On July 14, 2017, long-awaited amendments to Canada’s patent linkage provisions (the Patented Medicines (Notice of Compliance) Regulations (“Regulations”)) relating to generic and biosimilar market approval were published. The amendments seek to implement changes agreed to under the Canadian-European, Comprehensive Economic and Trade Agreement (CETA) and address criticisms of the former patent linkage regime. Significantly, the amendments propose to change the litigation framework for proceedings under the Regulations from a summary process to a full trial-based procedure, with binding effect on the parties involved, and an equal right of appeal to innovators. Several substantive and procedural changes are proposed by the amendments. Some of the key proposed changes are set out below:

  • Procedure: Proceedings under the Regulations will now be in the form of actions, commencing with a statement of claim for infringement and culminating in a trial. The trial will include viva voce evidence and may include a counterclaim seeking to invalidate the patents involved.
  • Parties: The Minister will no longer be a party to the proceeding, but will still be served with relevant documents. Proceedings may be brought by a first person or an owner of a patent listed on the Patent Register who receives a Notice of Allegation (“NOA”).
  • Timing: The innovator/patent owner must commence any infringement action on a listed patent within 45 days of receipt of the NOA after which, the innovator/patent owner may be estopped from asserting the listed patent. An innovator/patent owner may no longer bring an infringement proceeding on a listed patent at any time during the life of the patent unless the innovator/patent owner can show that there was no reasonable basis for bringing an action under the Regulations when the NOA was served.
  • Scope of Proceeding: Although a patent must include a claim to the medicinal ingredient, formulation, dosage form, or use of the medicinal ingredient, to be listed on the Patent Register, proceedings may be brought in respect of any claim of a listed patent. A generic/biosimilar must address all claims of a listed patent in their submission and allegations.
  • Documentary Production: Proceedings will involve a full discovery process and will also include early production of certain documents and information. Where an allegation of invalidity is made, the generic/biosimilar will have the right to request (and to be provided with) the contact information of the inventors at the outset of the dispute, as well as to request any laboratory notebook, research report or other document that may be relevant to determine whether a particular property, advantage or use, which is asserted by the generic/biosimilar to be part of the invention, was established as of the filing date of the patent. Similarly, the innovator/patent owner will be entitled to receive production of the generic/biosimilar’s submission documents relevant to the issue of infringement at the time of receiving the NOA, even if an allegation of non-infringement is not made.
  • Effect of Proceeding: Findings on infringement and/or validity will be final determinations and may extend beyond the regulatory dispute between the parties. Where the generic/biosimilar counterclaims for impeachment of the asserted patent and the patent at issue is found to be invalid, such finding will be both final and applicable to other generics/biosimilars.
  • NOC Issuance: NOC issuance is still barred for up to 24 months once an action is started, but this bar can be renounced by the parties to the action. Further, where a patent is declared to be ineligible for listing on the Patent Register during the course of the proceeding, the proceeding will still continue with respect to that patent, but the 24 month bar on NOC issuance in respect of that patent will no longer apply.
  • Remedies: All remedies in respect of infringement of a patent are available, including a declaration of infringement barring issuance of an NOC until the patent expires. If an NOC issues prior to final determination of the issues in dispute, the innovator/patent owner may also claim injunctive relief where infringement is found. Where infringement is not found, a generic/biosimilar remains entitled to claim Section 8 damages, unless the innovator/patent owner renounced applicability of the 24-month stay period. Section 8 damages will no longer be limited to a specific end date.
  • Appeals: The innovator/patent owner will have the right to appeal if unsuccessful at first instance.

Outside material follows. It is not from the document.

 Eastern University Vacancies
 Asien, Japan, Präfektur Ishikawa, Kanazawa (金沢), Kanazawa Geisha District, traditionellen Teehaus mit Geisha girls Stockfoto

Along with the amendments to the Regulations, additional regulations were introduced providing for the right of patent owners to apply for a Certificate of Supplementary Protection (“CSP”) for patents relating to drugs containing new medicinal ingredients or new combinations of medicinal ingredients. The amendments to the Regulations also apply to all relevant listed CSPs.

A fifteen-day consultation period has been provided with respect to the proposed amendments to the Regulations. The transitional provisions provide that the amended Regulations will come into force on the day that Section 59 of CETA comes into force, which is expected to be September 21, 2017, and would be applicable to any NOA served after that date.